┏━━
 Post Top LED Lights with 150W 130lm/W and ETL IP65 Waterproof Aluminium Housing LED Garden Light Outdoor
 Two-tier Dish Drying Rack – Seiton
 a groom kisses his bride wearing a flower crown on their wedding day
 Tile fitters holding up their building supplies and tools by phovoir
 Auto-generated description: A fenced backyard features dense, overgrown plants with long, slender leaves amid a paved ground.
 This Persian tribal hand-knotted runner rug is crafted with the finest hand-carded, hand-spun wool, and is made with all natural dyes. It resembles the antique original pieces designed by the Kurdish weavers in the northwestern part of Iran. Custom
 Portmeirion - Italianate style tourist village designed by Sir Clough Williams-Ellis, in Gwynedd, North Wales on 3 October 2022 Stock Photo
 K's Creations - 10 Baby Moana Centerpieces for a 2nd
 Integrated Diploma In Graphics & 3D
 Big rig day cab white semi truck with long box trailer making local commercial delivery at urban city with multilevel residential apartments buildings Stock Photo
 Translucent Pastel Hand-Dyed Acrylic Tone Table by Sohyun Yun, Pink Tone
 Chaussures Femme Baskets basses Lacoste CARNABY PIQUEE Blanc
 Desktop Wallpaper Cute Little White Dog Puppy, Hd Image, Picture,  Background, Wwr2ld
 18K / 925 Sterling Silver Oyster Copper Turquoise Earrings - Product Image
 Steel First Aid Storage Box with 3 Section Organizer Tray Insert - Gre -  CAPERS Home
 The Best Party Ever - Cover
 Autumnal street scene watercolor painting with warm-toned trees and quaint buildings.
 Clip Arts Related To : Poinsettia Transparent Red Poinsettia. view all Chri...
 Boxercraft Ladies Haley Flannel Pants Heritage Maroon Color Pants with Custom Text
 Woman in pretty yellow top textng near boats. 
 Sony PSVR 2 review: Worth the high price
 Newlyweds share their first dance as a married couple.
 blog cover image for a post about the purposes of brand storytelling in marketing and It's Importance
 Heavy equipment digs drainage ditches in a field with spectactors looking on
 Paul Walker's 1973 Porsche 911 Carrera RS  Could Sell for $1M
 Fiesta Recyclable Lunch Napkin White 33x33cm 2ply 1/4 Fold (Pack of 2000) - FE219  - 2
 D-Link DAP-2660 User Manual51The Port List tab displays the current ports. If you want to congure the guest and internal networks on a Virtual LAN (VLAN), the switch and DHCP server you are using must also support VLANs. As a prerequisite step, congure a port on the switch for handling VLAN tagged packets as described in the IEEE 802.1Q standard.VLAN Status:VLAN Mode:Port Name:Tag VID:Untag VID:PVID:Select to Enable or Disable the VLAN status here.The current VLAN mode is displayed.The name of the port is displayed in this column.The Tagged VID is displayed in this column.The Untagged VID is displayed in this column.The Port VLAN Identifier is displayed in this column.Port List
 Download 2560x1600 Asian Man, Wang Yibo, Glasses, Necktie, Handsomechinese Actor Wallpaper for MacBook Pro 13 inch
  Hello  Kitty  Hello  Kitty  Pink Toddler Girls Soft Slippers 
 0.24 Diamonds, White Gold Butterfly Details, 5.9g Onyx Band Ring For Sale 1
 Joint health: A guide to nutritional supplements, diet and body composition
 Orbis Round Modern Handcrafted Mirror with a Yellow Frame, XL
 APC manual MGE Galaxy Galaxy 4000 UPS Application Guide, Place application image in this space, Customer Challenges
┗━━
§ **What to do**: Reproduce each line, exactly as it appears, from the one that contains "Heavy equipment digs" through the last line of the records. Add no other lines.

§ **Solution below**:
 Heavy equipment digs drainage ditches in a field with spectactors looking on
 Paul Walker's 1973 Porsche 911 Carrera RS  Could Sell for $1M
 Fiesta Recyclable Lunch Napkin White 33x33cm 2ply 1/4 Fold (Pack of 2000) - FE219  - 2
 D-Link DAP-2660 User Manual51The Port List tab displays the current ports. If you want to congure the guest and internal networks on a Virtual LAN (VLAN), the switch and DHCP server you are using must also support VLANs. As a prerequisite step, congure a port on the switch for handling VLAN tagged packets as described in the IEEE 802.1Q standard.VLAN Status:VLAN Mode:Port Name:Tag VID:Untag VID:PVID:Select to Enable or Disable the VLAN status here.The current VLAN mode is displayed.The name of the port is displayed in this column.The Tagged VID is displayed in this column.The Untagged VID is displayed in this column.The Port VLAN Identifier is displayed in this column.Port List
 Download 2560x1600 Asian Man, Wang Yibo, Glasses, Necktie, Handsomechinese Actor Wallpaper for MacBook Pro 13 inch
  Hello  Kitty  Hello  Kitty  Pink Toddler Girls Soft Slippers 
 0.24 Diamonds, White Gold Butterfly Details, 5.9g Onyx Band Ring For Sale 1
 Joint health: A guide to nutritional supplements, diet and body composition
 Orbis Round Modern Handcrafted Mirror with a Yellow Frame, XL
 APC manual MGE Galaxy Galaxy 4000 UPS Application Guide, Place application image in this space, Customer Challenges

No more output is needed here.